** WORK TO BE COMPLETED **
What you return must match the listing exactly, with every image removed.

** DATA SHOWN **
____________________

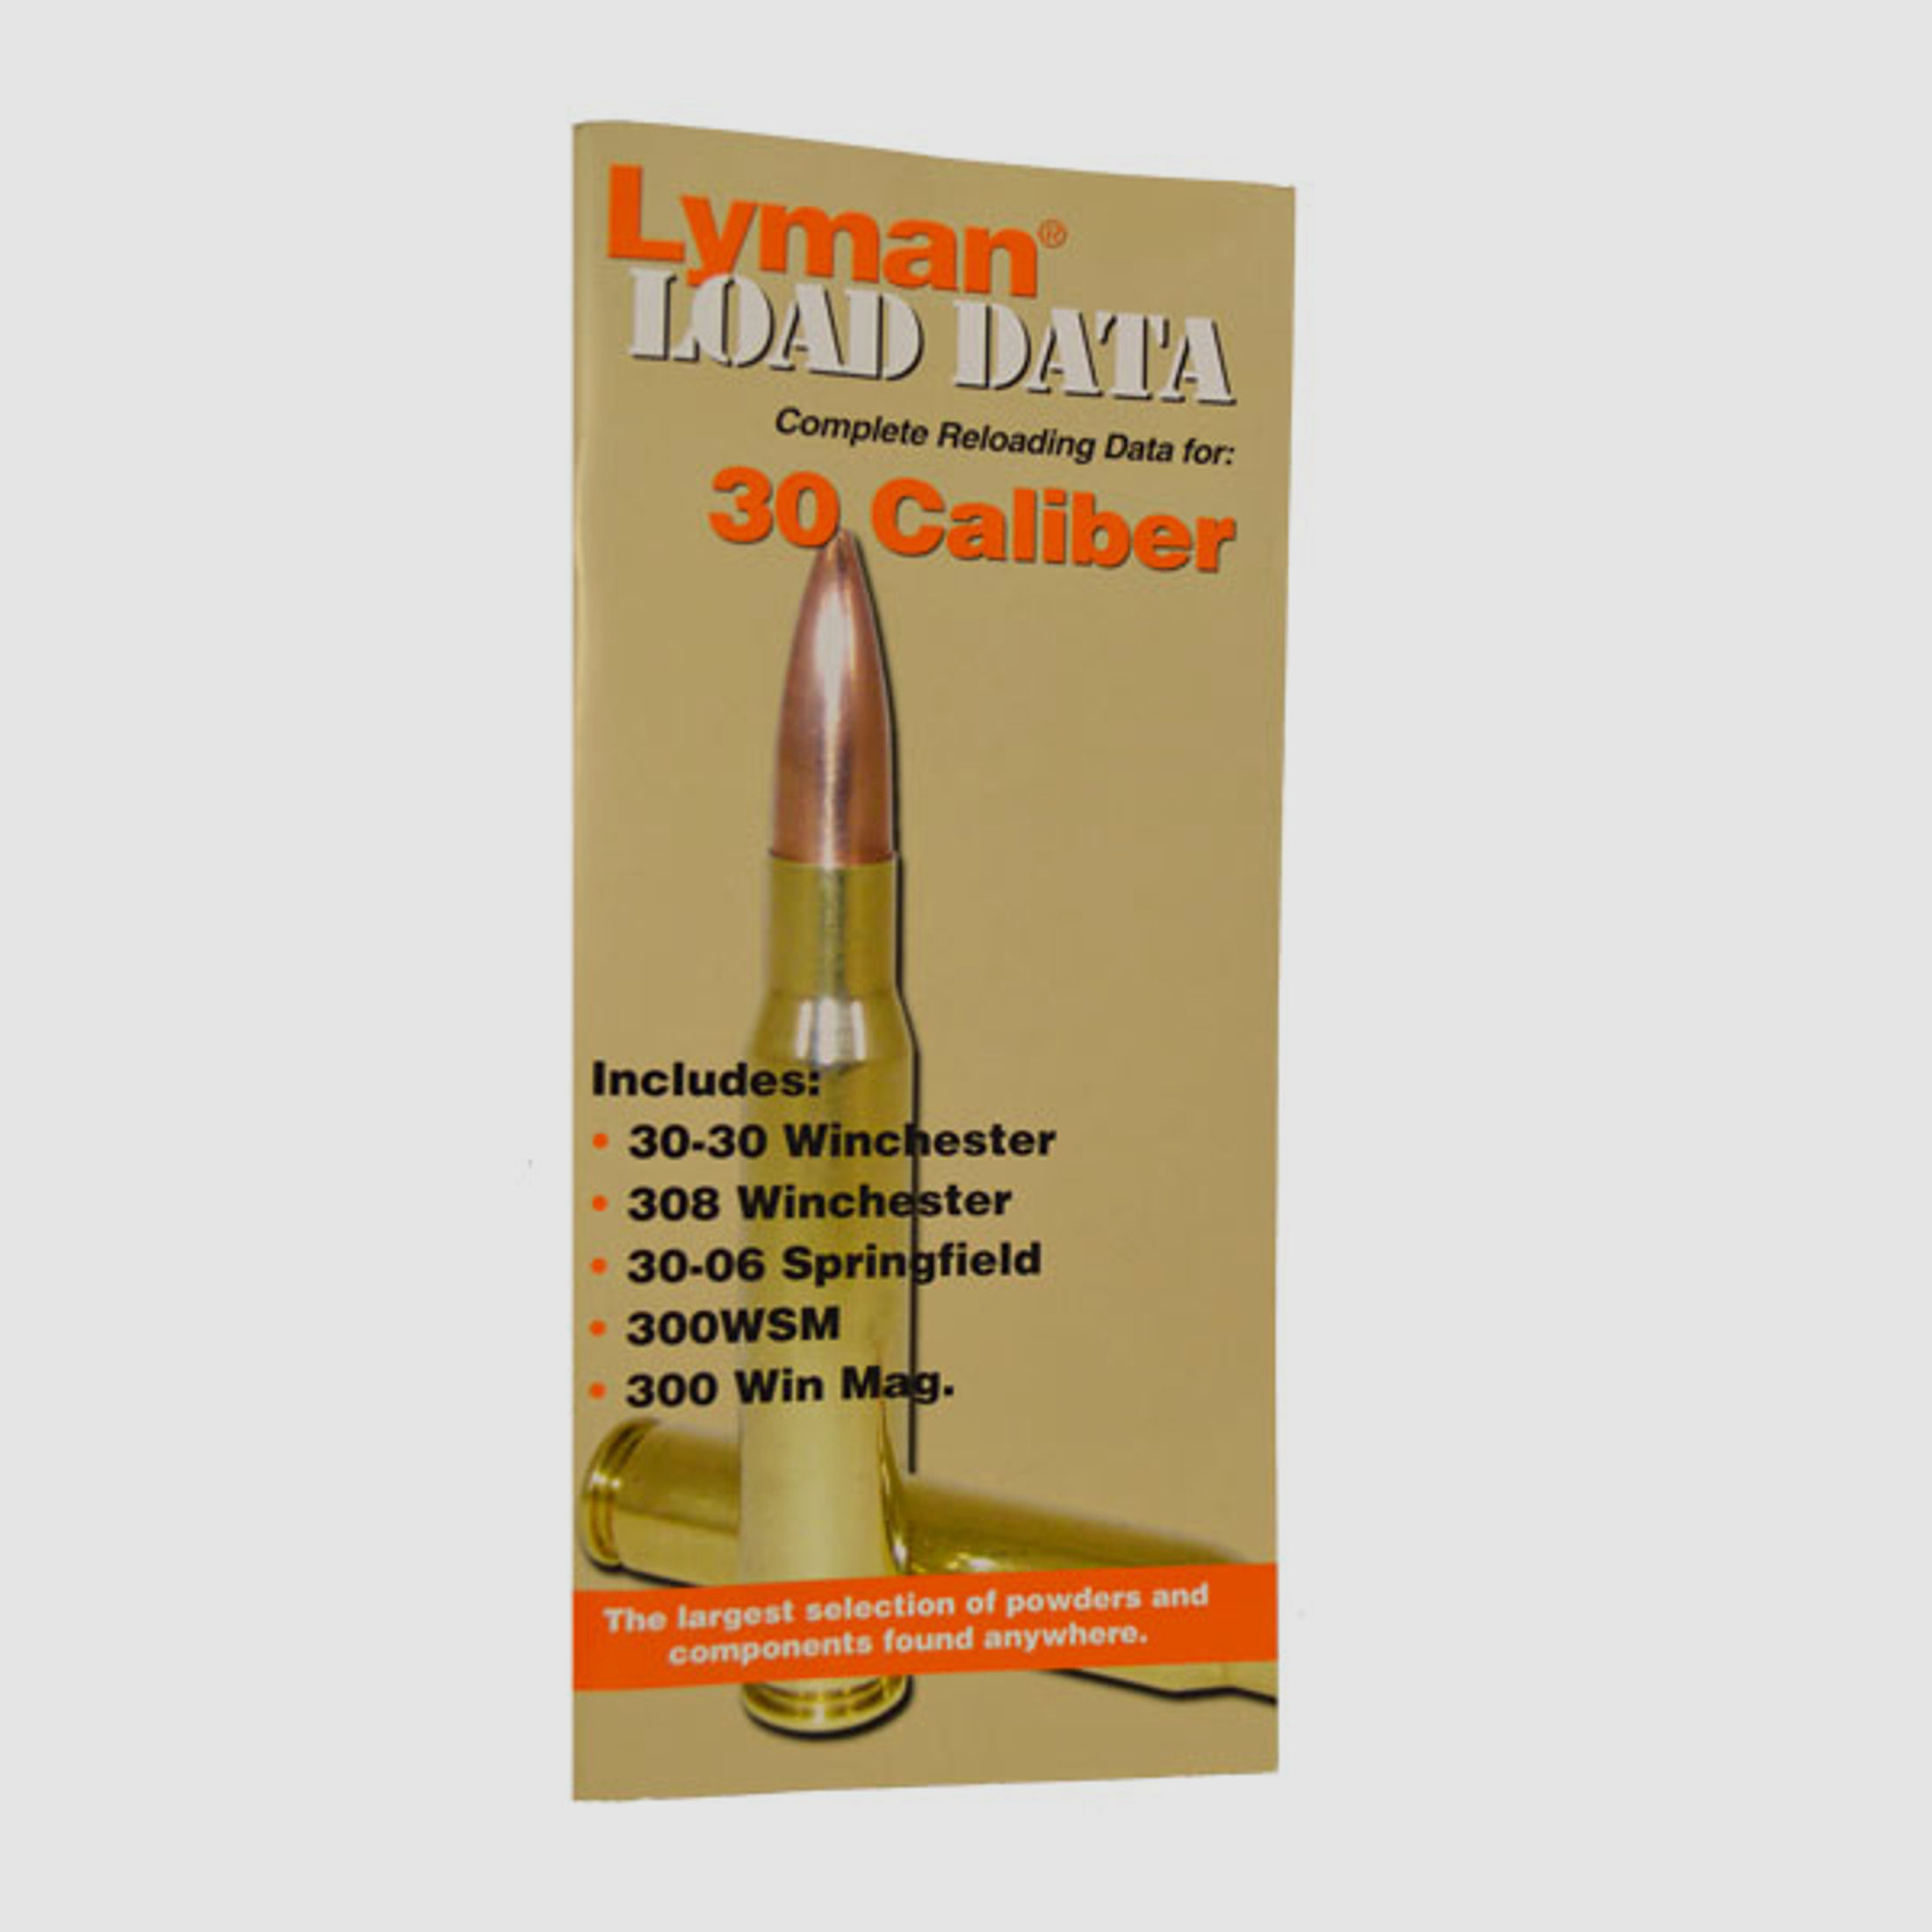 Lyman Wiederladebuch 30 Caliber
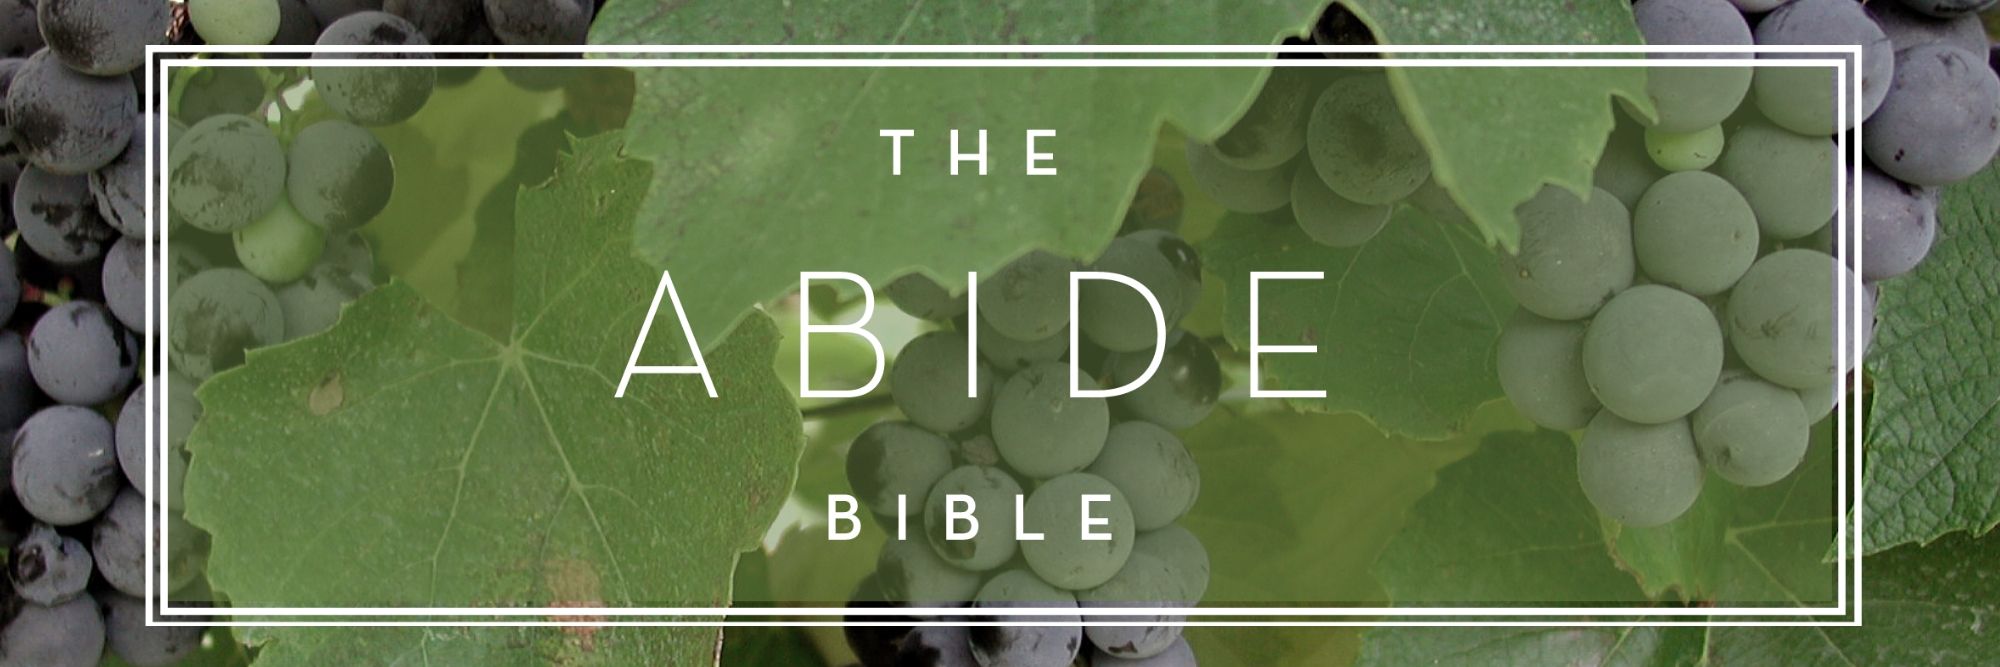 Abide-Bible
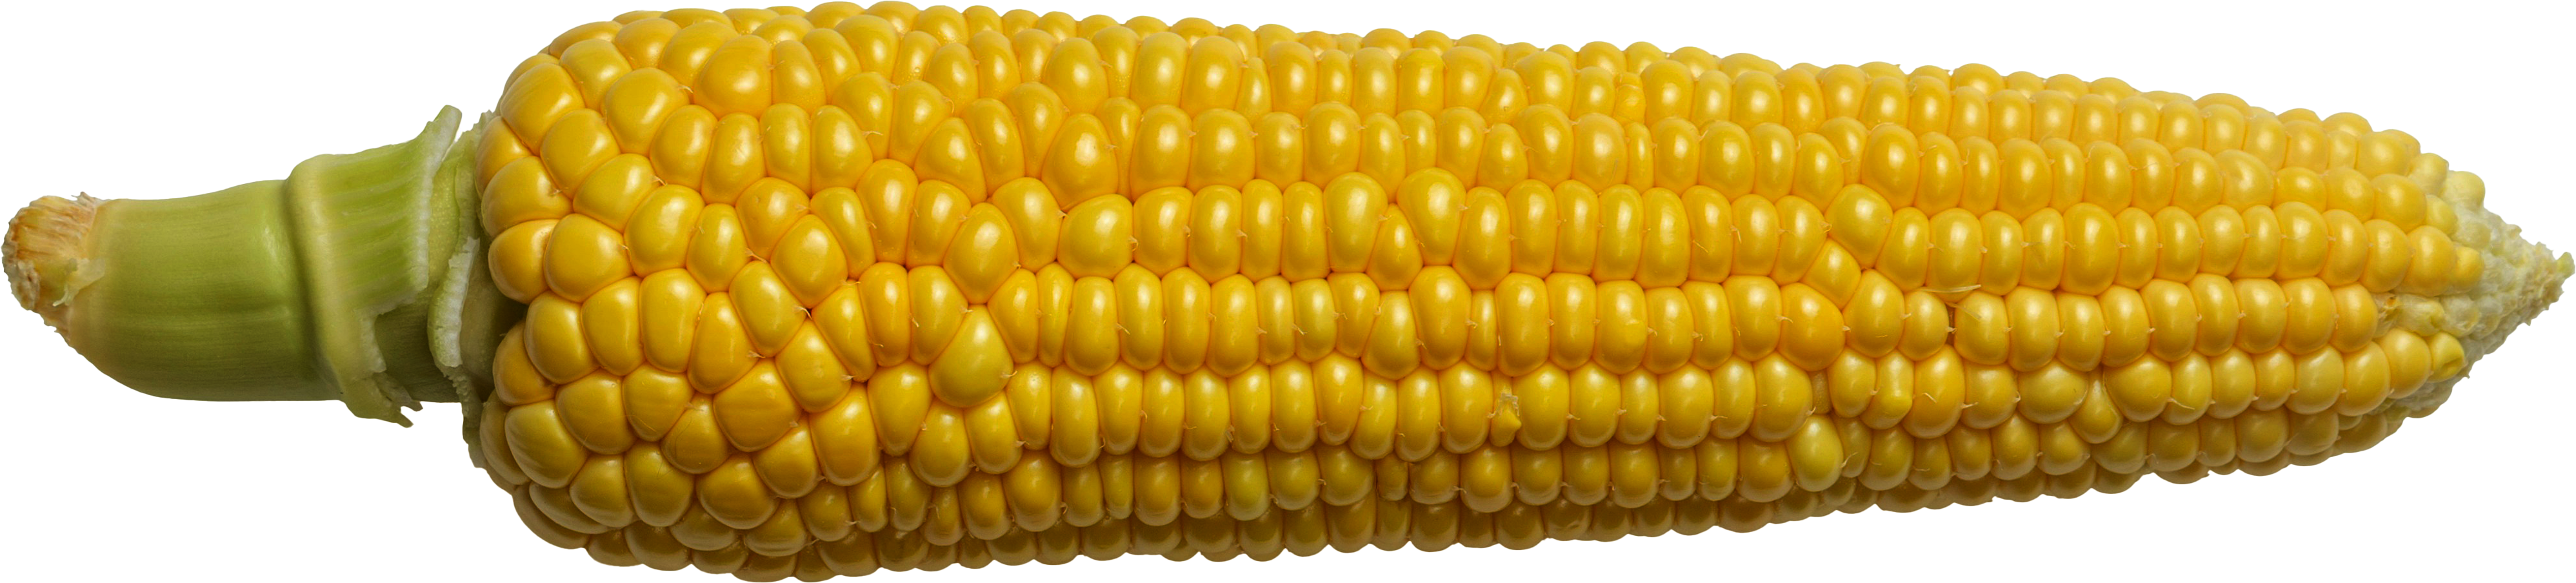 Leh Side Corn

____________________

** SOLUTION TO THE EXERCISE **
 Lyman Wiederladebuch 30 Caliber
 Abide-Bible
 Leh Side Corn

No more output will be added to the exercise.